All patients continued nusinersen administration without significant adverse events for more than three years. While CHOP-INTEND scores did not remarkably increase, according to the caregivers, all three patients had improved finger or facial muscle movements that enabled them to make their intentions understood. Some CMAPs before treatment were not identified but became traces after nusinersen administration.

Conclusions

The improvement in motor function that leads to smoother communication could be a basis for continuing nusinersen treatment. Currently available motor function scorings are not efficient for assessing therapeutic interventions in SMA patients with medical care complexity.
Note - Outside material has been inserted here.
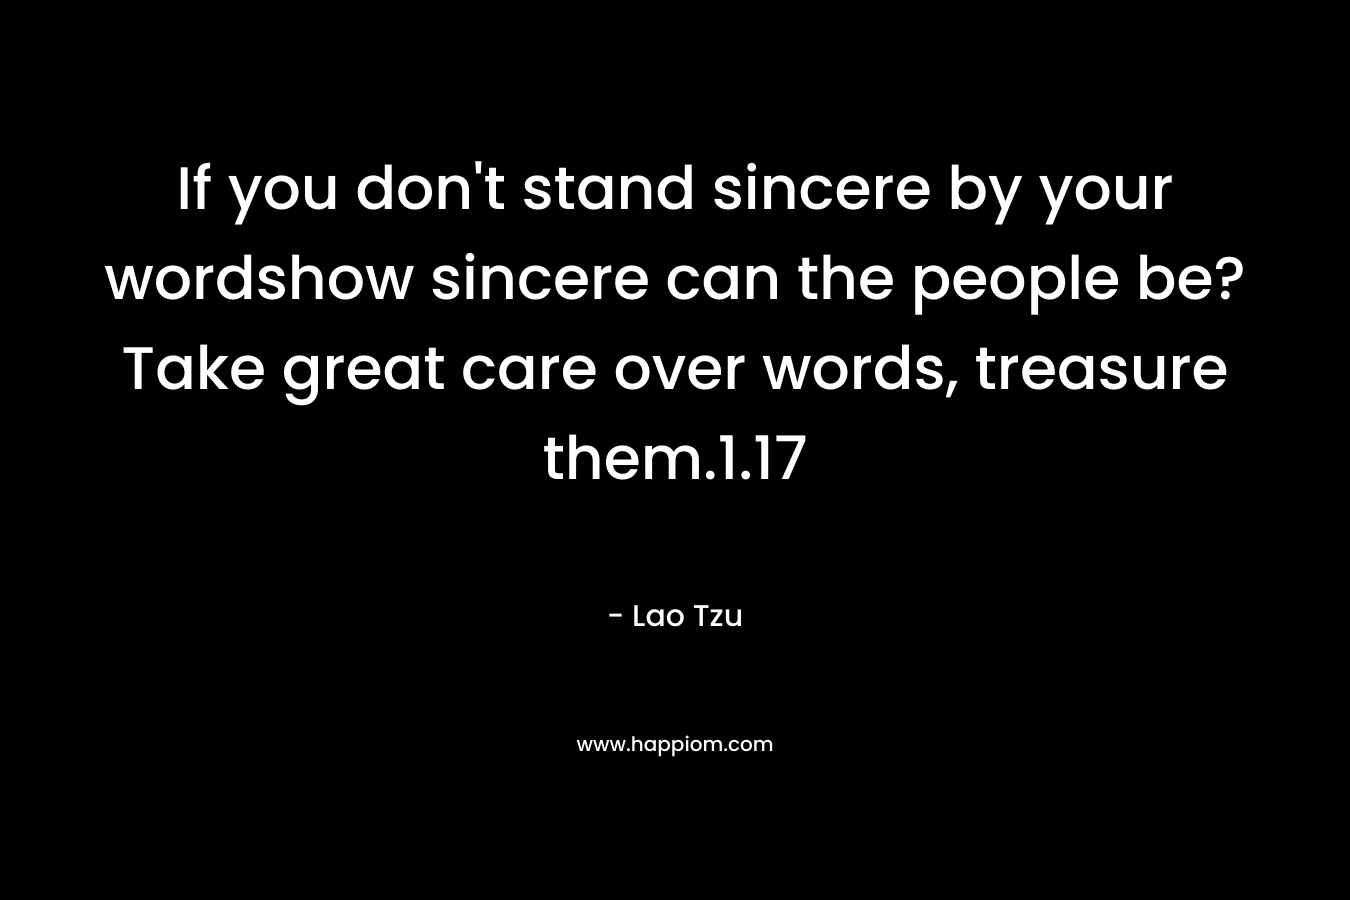 If you don’t stand sincere by your wordshow sincere can the people be?Take great care over words, treasure them.1.17 – Lao Tzu

Longitudinal nerve conduction studies could be an objective indicator.

中文翻译：

Nusinersen 在运动功能严重受损的 1 型脊髓性肌萎缩症患者中诱导复合运动动作电位反应的可检测变化

背景

大多数长期受影响的 1 型脊髓性肌萎缩症 (SMA) 患者运动功能严重受损，依赖气管造口机械通气。 nusinersen 在这些患者中的疗效和安全性尚未确定。

方法

我们回顾性评估了鞘内 nusinersen 治疗对持续治疗至少 12 个月的 1 型 SMA 患者的疗效。我们的研究中登记了三名患者（年龄分别为 3 岁、4 岁和 16 岁），他们的粗大运动功能严重受损，无法控制头部或翻身。所有三人都需要通过气管切开术和管饲进行机械通气。使用费城儿童医院婴儿神经肌肉疾病测试 (CHOP-INTEND) 和护理人员的评估来评估运动功能。同时，我们纵向检查神经传导并比较复合运动动作电位（CMAP）幅度。